In Search of an Asian American Lead

Actor Daniel Henney

It’s no secret that Hollywood is a white mans game. This statement in and of itself isn’t so liberal, social justice warrior cry for the exclusive nature of the industry. It just is. Look at the biggest movies ever made. Avatar, The Avengers (fuck, all MCU movies), Pulp Fiction, Halloween, and 2001. White boys holding down the fort. Even the shittiest movies around are dropped down into the shit at the helm of a white man. And hell, anyone can make a shit movie. But the fact that guys like Joseph Kosinski (he made the bombs Tron: Legacy and Oblivion) or Rob Cohen (Alex Cross and The Boy Next Door) can make movies that don’t do well financially and/or are disliked by audiences can keep working is odd, isn’t it? I mean shit, Oblivion was so disliked that it is contributed with the failure of Edge of Tomorrow to make money. But he’s being given just as extravagant a budget to make a third Tron movie, his second, almost 5 years later despite Tron Legacy not being well received. And that’s just one example. It happens all the time. So the current trend is to beat the drum for women or blacks to be given more chances to work not just in front of the camera, but behind it as well. But that kinda excludes a certain group. That of the Asian American/Asian Asian group.

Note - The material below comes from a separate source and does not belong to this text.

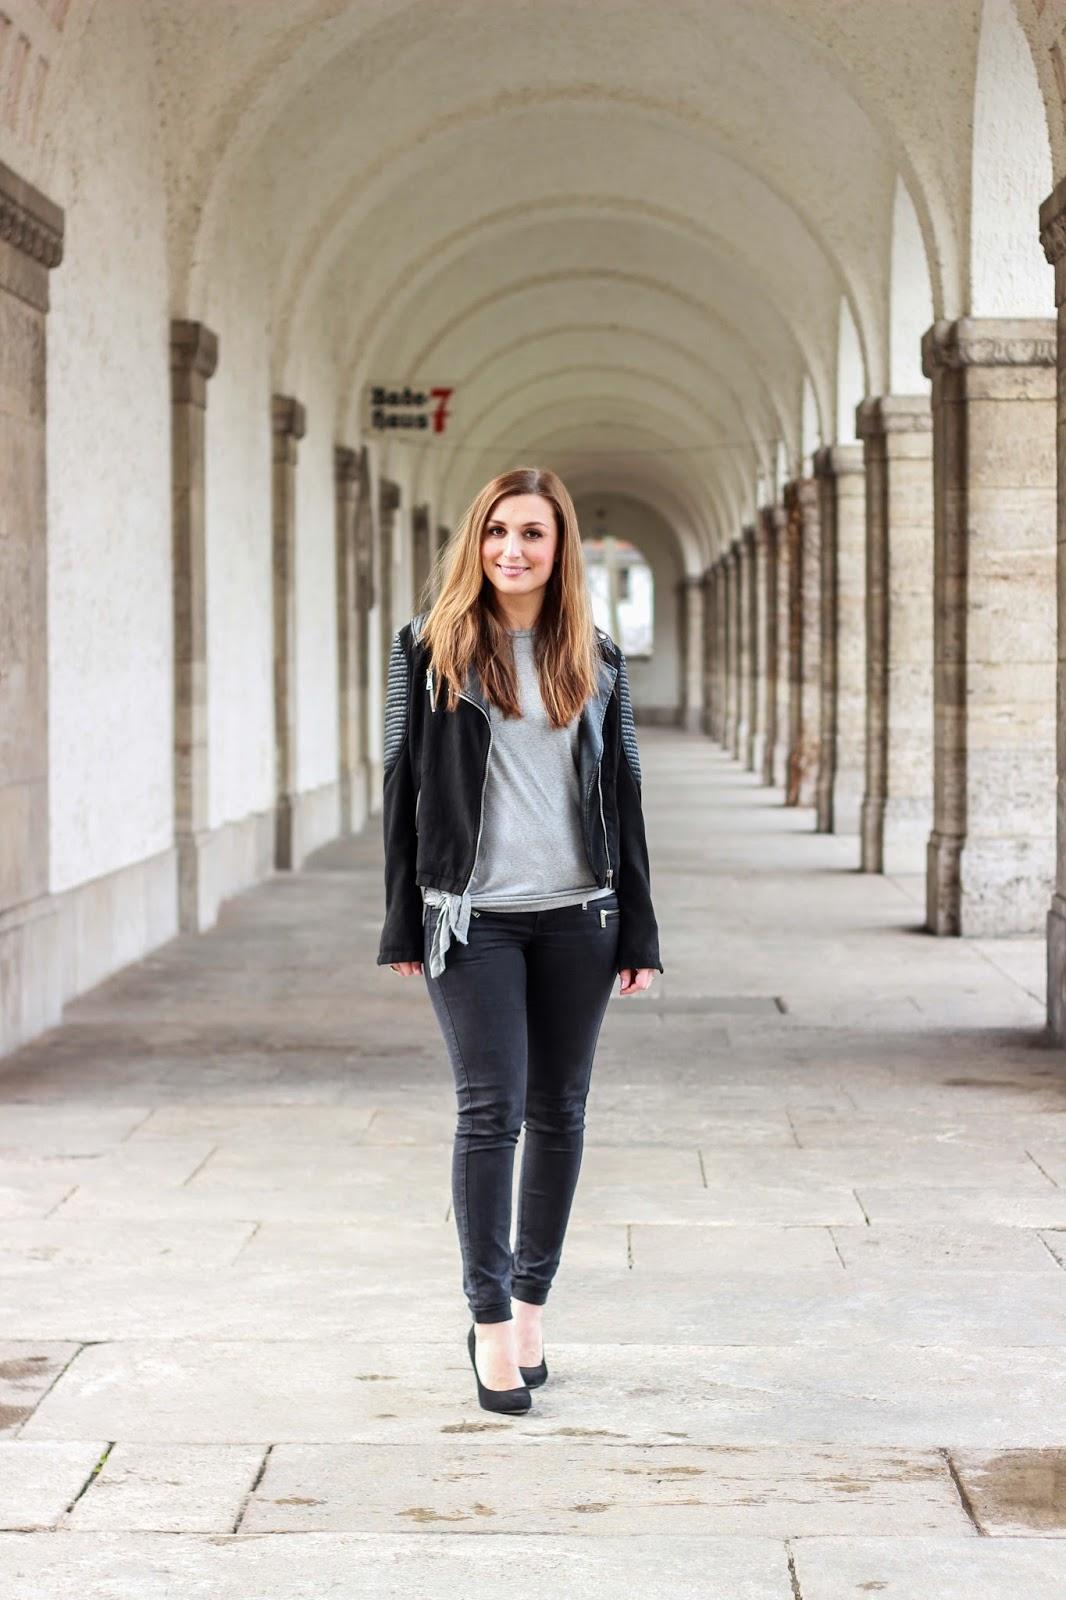 Outfit inspiration - Fashionstylebyjohanna in schwarzer Lederjacke - pink peonies - fashionhippieloves

The fact that Asians are excluded from the popular kids table isn’t too surprising. They aren’t white men. And it’s not even a hate crime committing kind of racism. When you have an industry run by white men almost exclusively, they are gonna stick with their own kind. It’s more tribalism than racism. S’why women don’t get work. But it doesn’t really make a whole lick of sense since Asian filmmaking has been a great influence on many filmmakers. The most popular director now just dripping with Asian filmmaking techniques is Quentin Tarantino. And if you want the best example of Asian coopting is George Lucas pillaging the works of Akira Kurosawa to fuel the massive still to this day Star Wars saga. So if they don’t even accept Asians to work behind the cameras, why is it surprising that they’d keep any from leading roles?

From left to right: Will Yun Lee, Sendhil Ramamurthy and Rick Yune. 

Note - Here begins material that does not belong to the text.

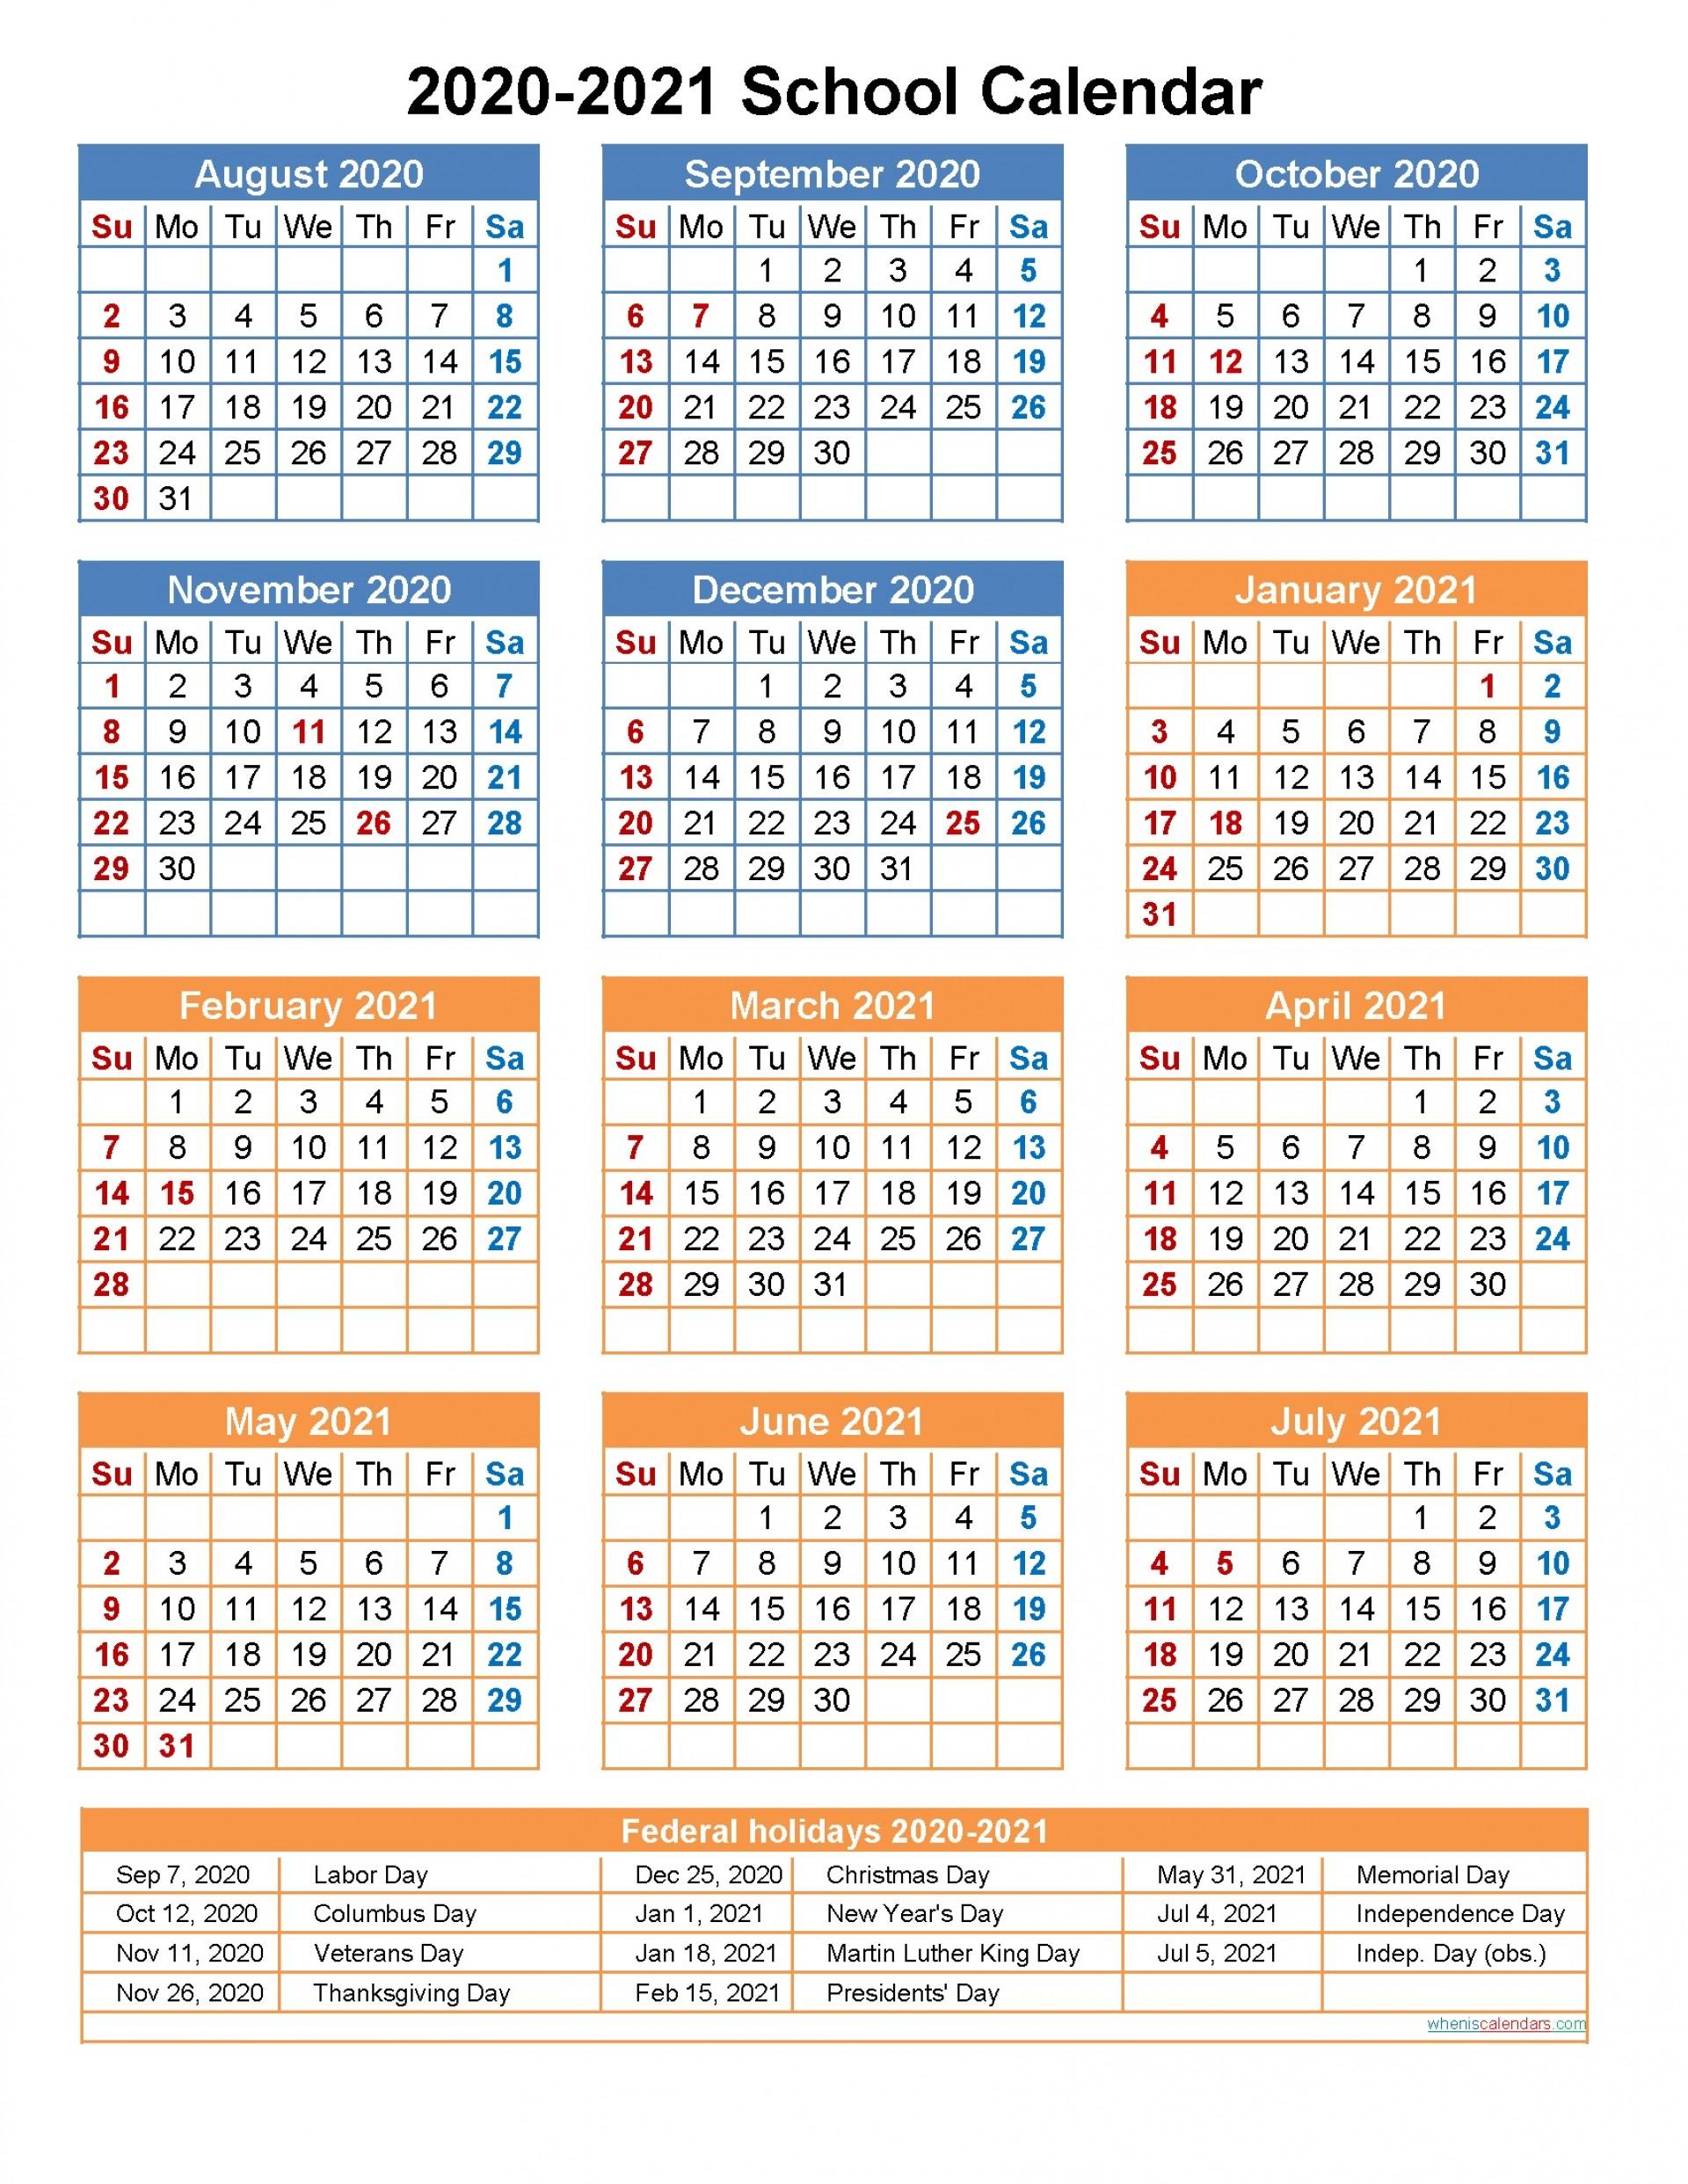 004 Best School Year Calendar Template Example  Excel 2019-20 Word1920

The lack of Asian leading roles is more complicated than just simple racism. For one, there aren’t very many English speaking Asian actors around, so when the opportunity arises for them there is a smaller pool. There’s also the problem of Asians coming from Asian countries having a harder time getting a handle on the language. That’s not bullshit racism coming in. Asians descend from and use languages derived from a different origin than white speaking countries that come from the romantic language of Latin and such. That’s why it’s easier for Europeans to cross over, for the most part. They may still carry an accent, like Christoph Waltz. But they handle it well enough. But again it comes down to the lack of diversity behind the camera leading to less opportunities for different representation to come across. And the bosses that only hire whites behind the camera will usually force the whiteness to eke into frame. Look at The Last Samurai. A movie with that title sounds like it should have an Asian lead, but it becomes a white savior movie learning from them weird not whites that Hollywood can’t understand with Tom Cruise as the last remaining Ronin.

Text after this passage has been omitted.